Not that we are competent in ourselves to claim anything for ourselves, but our competence comes from God. He has made us competent as ministers of a new covenant, not of the letter but of the Spirit; for the letter kills, but the Spirit gives life.

The 4- minute spot continued. By now I was on the edge of my bed lacing my running shoes, letting these delightful, timely words land.

No, I haven’t spent 4 years in Bible school. But I have spent over 50 years in a wheelchair, most of those years studying the same books and scholars as my friends who graduated from The Masters University or Wheaton College…Look, I’m just a quadriplegic! But that’s just it! God delights in teaching us powerful lessons through our weaknesses and limitations…

Plus, it’s my weaknesses that keep pointing me to the source of all authority and ability, God and God alone. Praise the Lord; He is the one who makes us competent as ambassadors of the new covenant! God takes our inadequacies and, as we lean on him and learn from the trials he sends, he makes us competent.
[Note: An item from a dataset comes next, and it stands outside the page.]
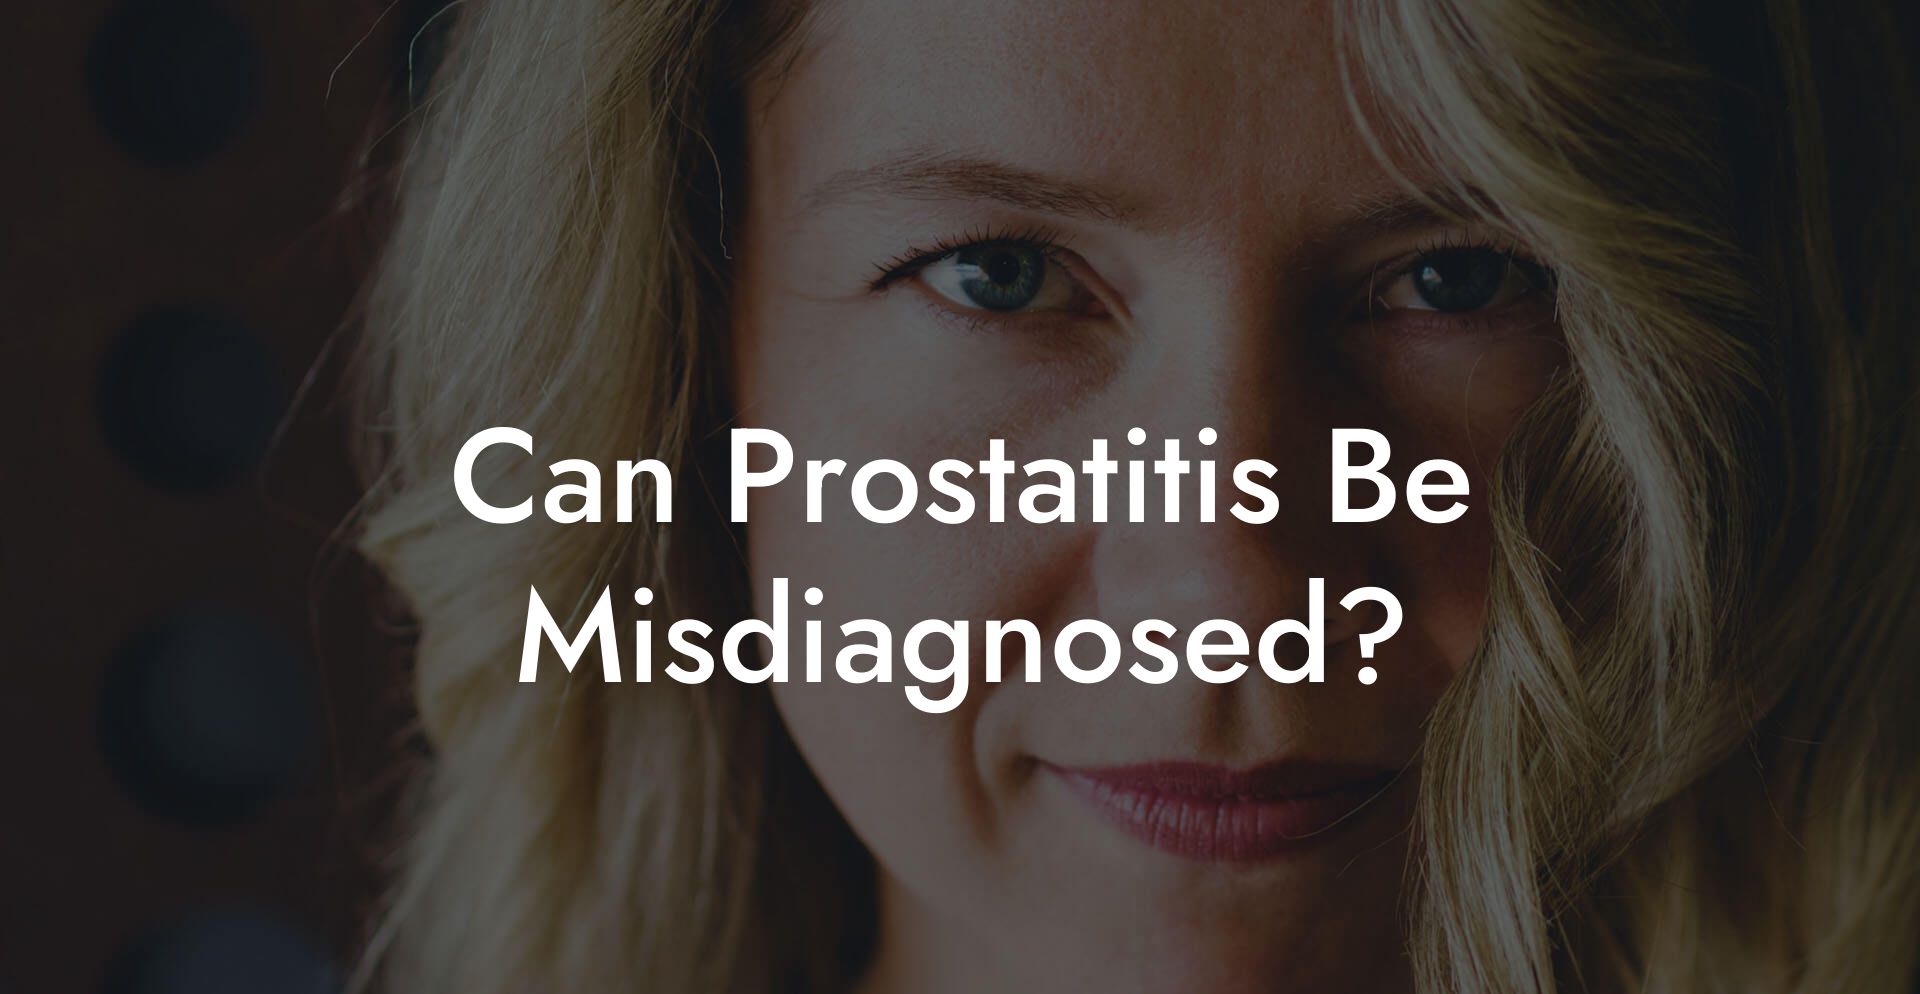 Can Prostatitis Be Misdiagnosed?
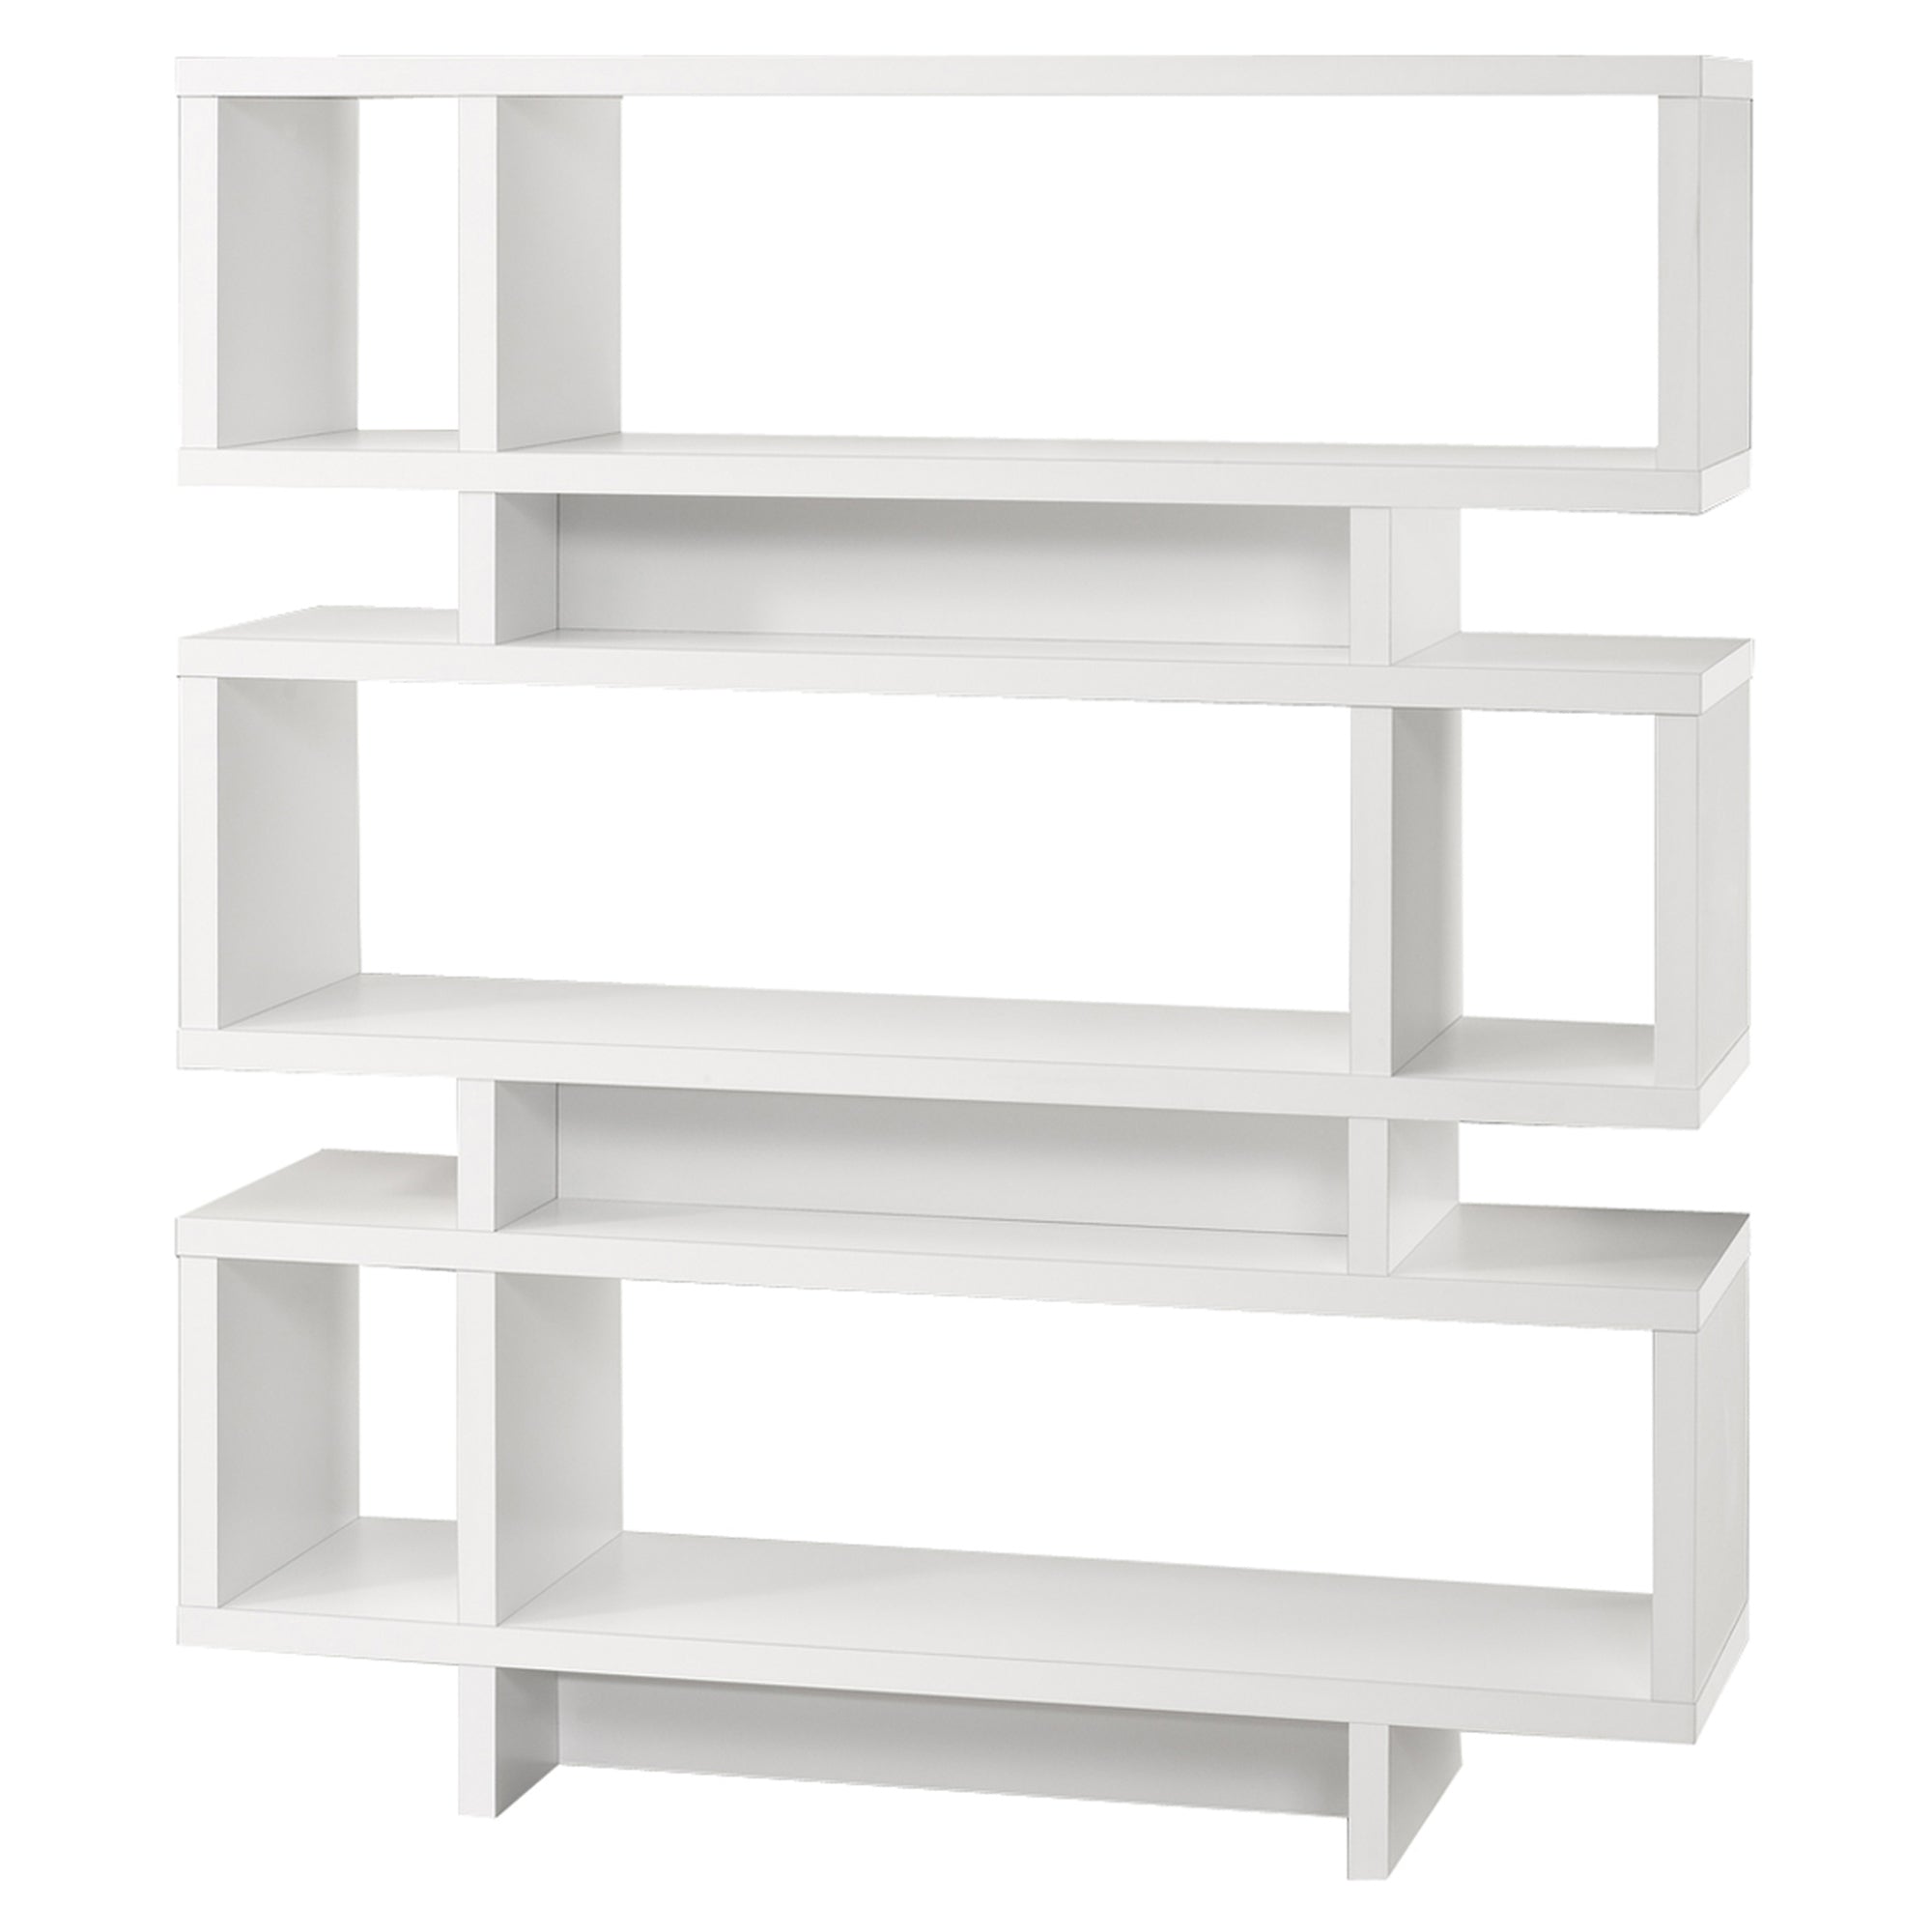 55" H 4 Tier Geomatrical Bookshelf Bookcase Etagere in White

Now you may think, ‘who am I that anyone should listen to me? Why should anyone care what I have to say?’ Oh friend, don’t fool yourself; in Christ, you are completely competent. 

That was the how the well-timed word came to me, On the only day last week I woke to the radio, after the only night I had a fight like that, here was Joni, giving an apt answer, the perfect truth to address my immediate need. Here was Joni, speaking a timely word to me.

And friends, degree or no degree or three degrees, be encouraged to know: Your competence comes from God. 

But more, I hope that in every good and well-timed word, you hear a loving Lord.

A man has joy in an apt answer,
And how delightful is a timely word!